Where is her laughter now? Old tarnished covers-- You that reflect her with fresh young face unchanged-- Tell that we met, that we parted, not as lovers; Time, chance, brought us together, and these estranged.
Loyal were we to the mood of the moment granted, Bruised not its bloom, but danced on the wave of its joy; Passion--wisdom--fell back like a fence enchanted, Ringing a floor for us both--whole Heaven for the boy!
Where is she now? Regretted not, though departed, Blessings attend and follow her all her days! --Look to your hound: he dreams of the hares he started, Whines, and awakes, and stretches his limbs to the blaze.
Far old friend in the Manse, by the green ash peeling Flake by flake from the heat in the Yule log's core, Look past the woman you love. On wall and ceiling Climbs not a trellis of roses--and ghosts--of yore?
Thoughts, thoughts! Whistle them back like hounds returning-- Mark how her needles pause at a sound upstairs. Time for bed, and to leave the log's heart burning! Give ye good-night, but first thank God in your prayers!
THE ROOT
Deep, Love, yea, very deep. And in the dark exiled, I have no sense of light but still to creep And know the breast, but not the eyes. Thy child Saw ne'er his mother near, nor if she smiled; But only feels her weep.

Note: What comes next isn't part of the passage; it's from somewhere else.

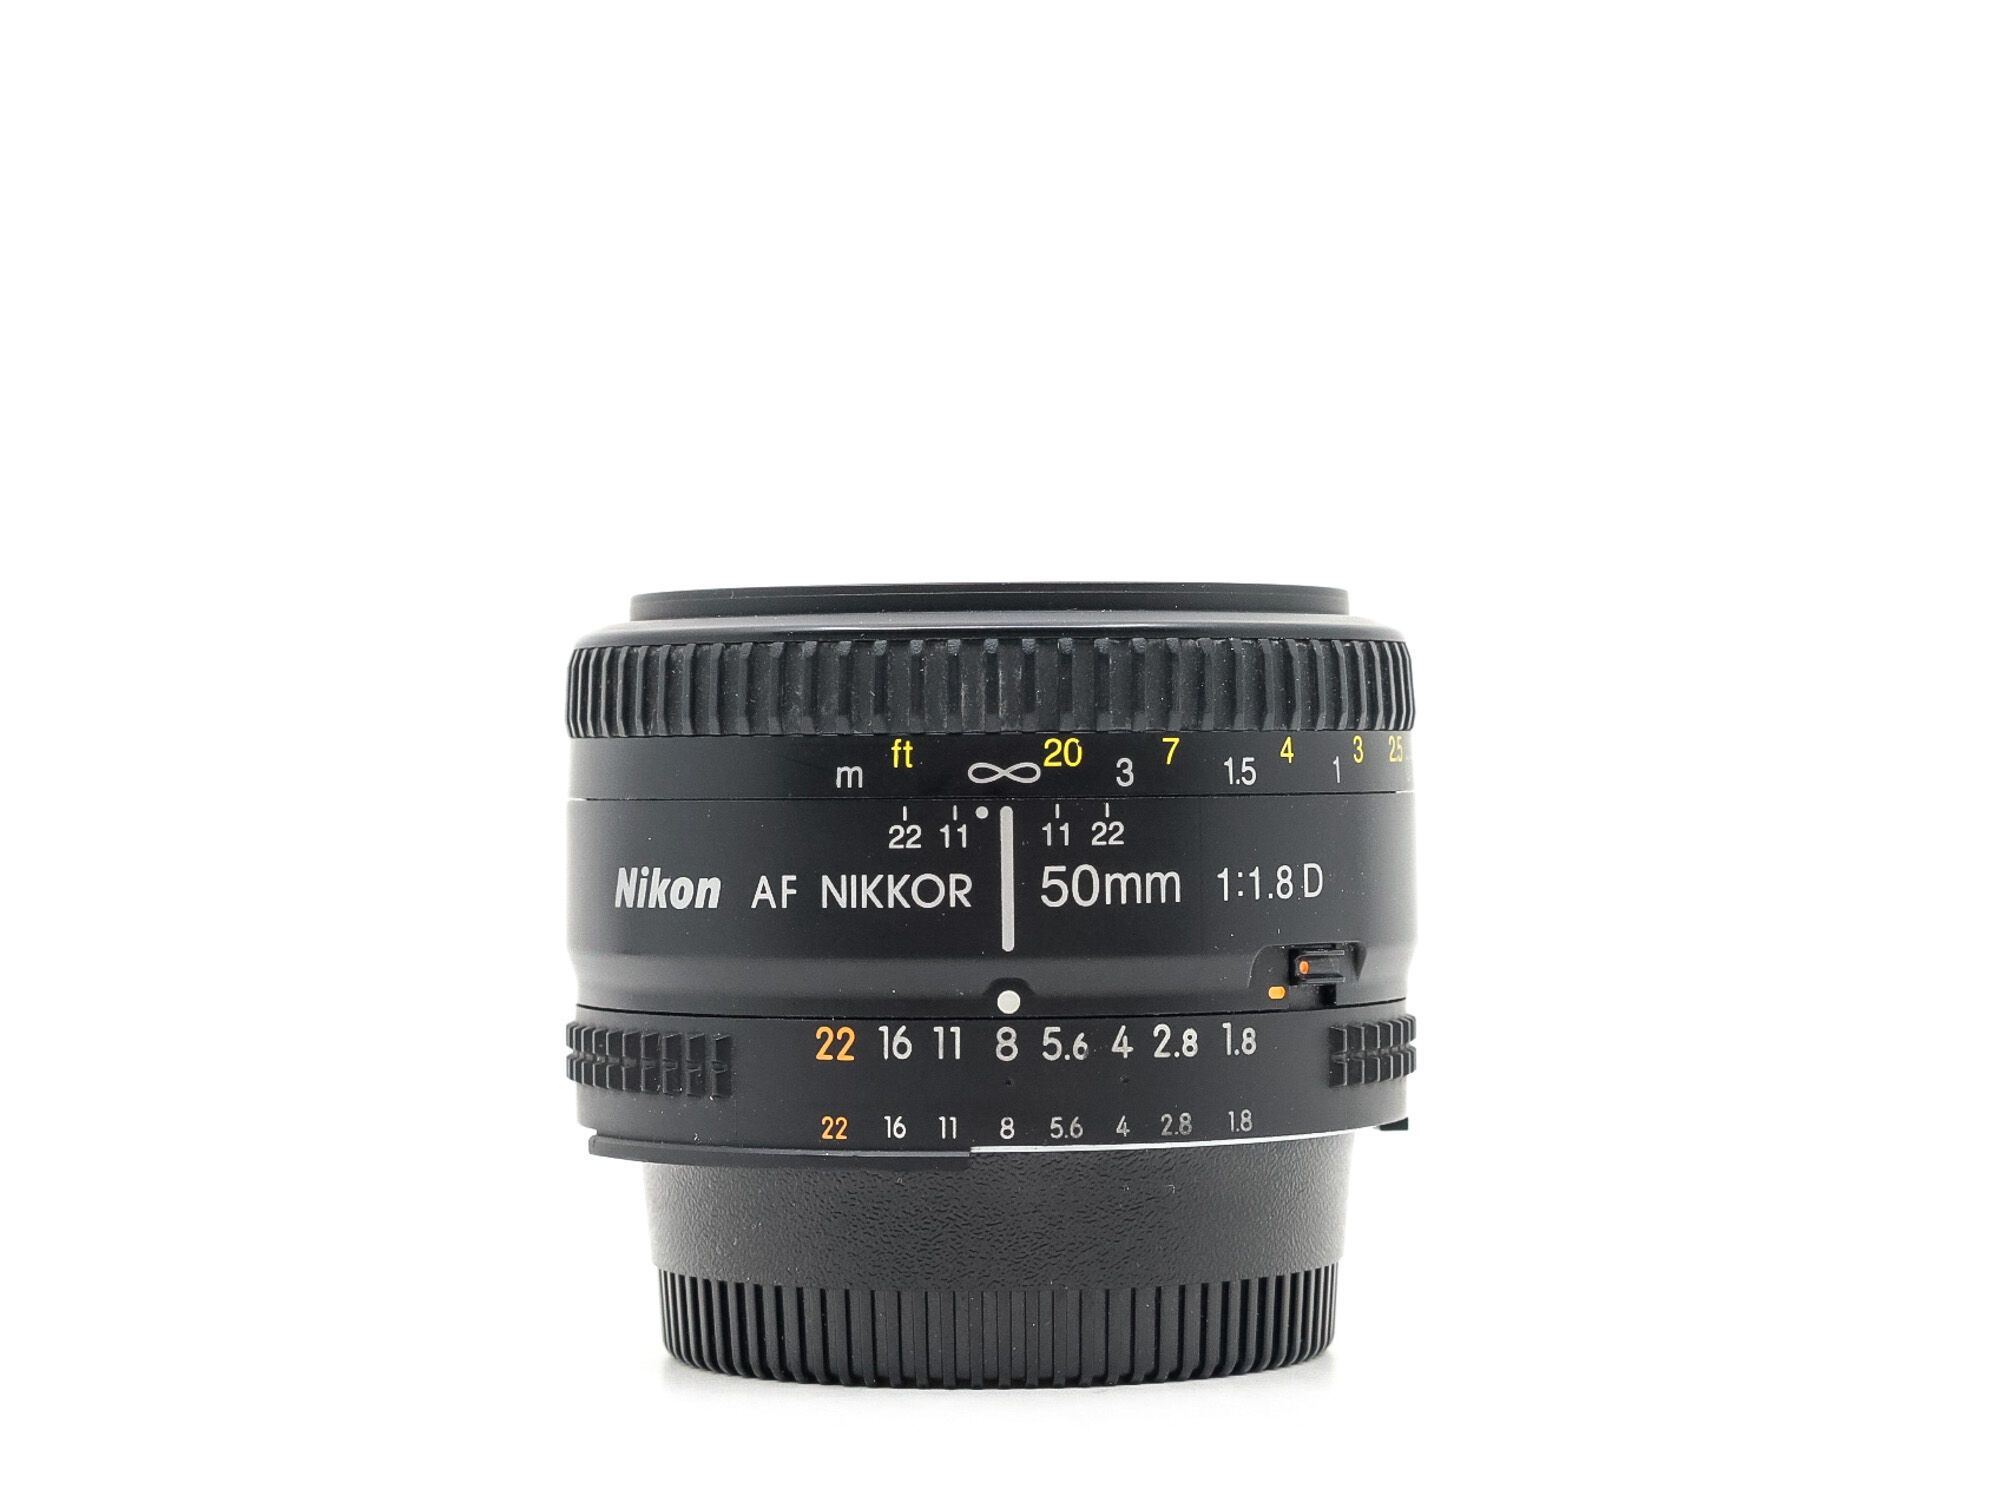 Nikon AF Nikkor 50mm f/1.8D (Condition: Good)

Yet clouds and branches green There be aloft, somewhere, And winds, and angel birds that build between, As I believe--and I will not despair; For faith is evidence of things not seen. Love! if I could be there!
I will be patient, dear. Perchance some part of me Puts forth aloft and feels the rushing year And shades the bird, and is that happy tree Then were it strength to serve and not appear, And bliss, though blind, to be.
TO A FRIEND WHO SENT ME A BOX OF VIOLETS
Nay, more than violets These thoughts of thine, friend! Rather thy reedy brook-- Taw's tributary-- At midnight murmuring, Descried them, the delicate Dark-eyed goddesses, There by his cressy bed Dissolved and dreaming Dreams that distilled into dew All the purple of night, All the shine of a planet.